Whether Rochester or elsewhere, she has found that many in her audience find their personal resonance with her songs, even as she selects and crafts them as part of her own journey.

"My songs, they're kind of ambiguous," Souter said. "Maybe it's that the songs I choose or the songs I write are open to multiple interpretations."

Once, she recalled, a man came up to her after a show and said, "That's the first time I've cried since my son died." Another time, a woman said: "Thank you for your concert. You've made me want to go home and make love to my husband."

John Nugent, co-producer and artistic director of the jazz festival, said, "Tessa Souter has become a favorite of (festival) fans not only because of her beautiful voice and amazing artistry but because of her warmth as a person.

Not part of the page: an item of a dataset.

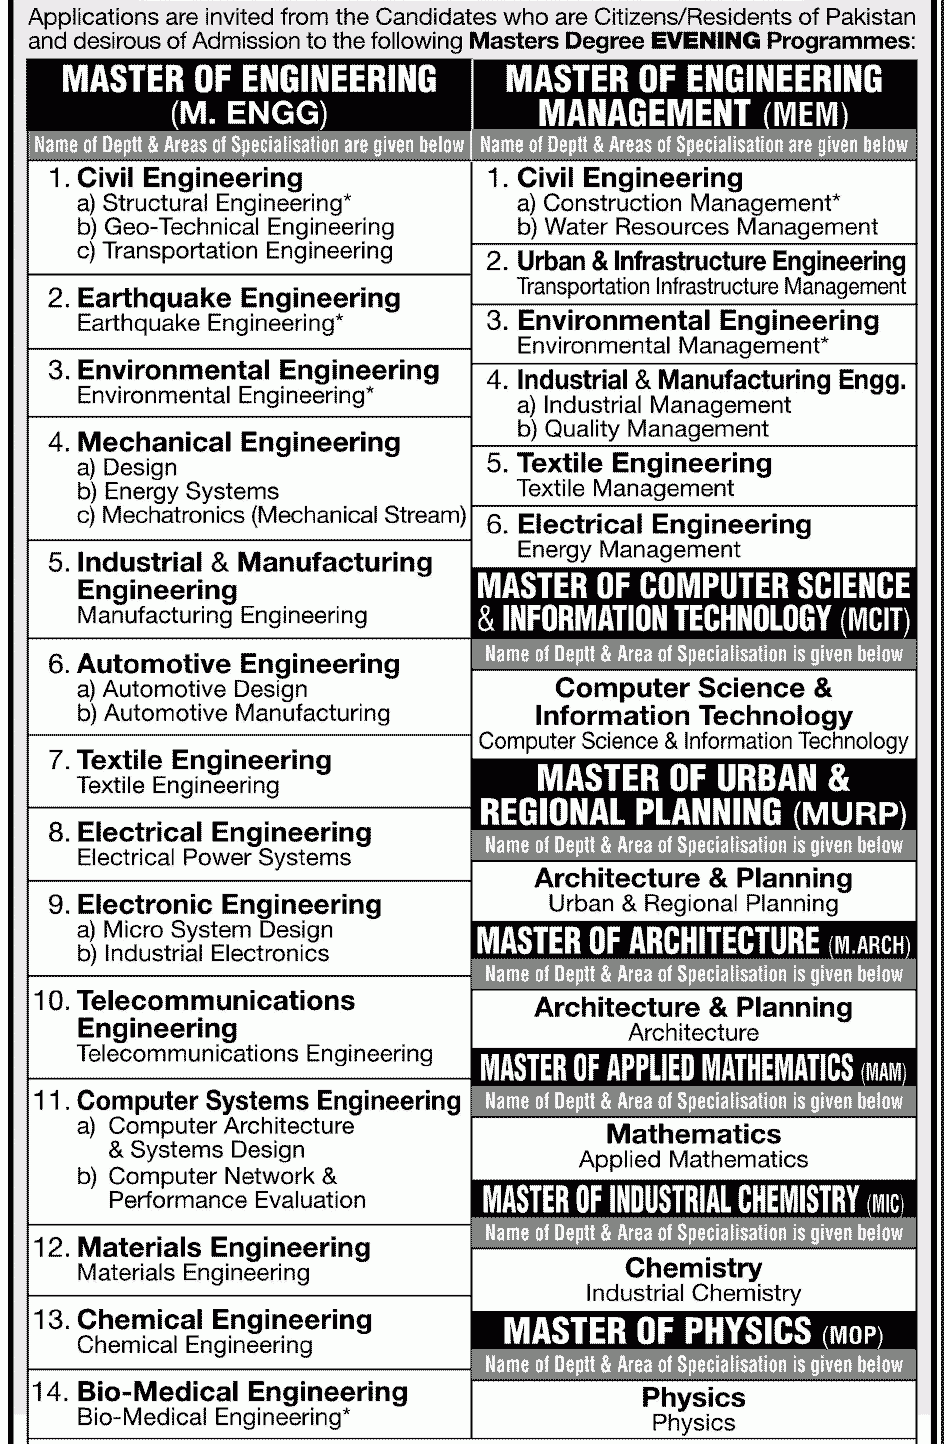 NED UET Admission Notice for Master Degree Programmes 2019

"She is a beautiful human being who relates to her audiences as well as any artist we’ve ever presented," he said.

Tessa Souter sings with celloist Dana Leong at Kilbourn Hall at the 2015 Rochester International Jazz Festival.
Tessa Souter sings with celloist Dana Leong at Kilbourn Hall at the 2015 Rochester International Jazz Festival.

Souter will have two performances during the opening night of the festival, Friday, June 17, at Glory House International, which previously was the Lutheran Church at 111 N. Chestnut St.

"What I really love about that festival is it's so beautifully curated; it's kind of brave curation," Souter said, likening the festival line-up to the work of an interior decorator who takes varying and distinct pieces and packages them into an artistic symmetry.

"Because they've been curated by one designer, they are coherent," she said. "They're all very different, but they're coherent.

"Another thing I love about the festival are the audiences. They're really amazing people. They are such jazz fans in Rochester. It's so beautiful to play for them. You really feel embraced."

There is another reason she keeps returning, Souter said.

"Because they keep inviting me back."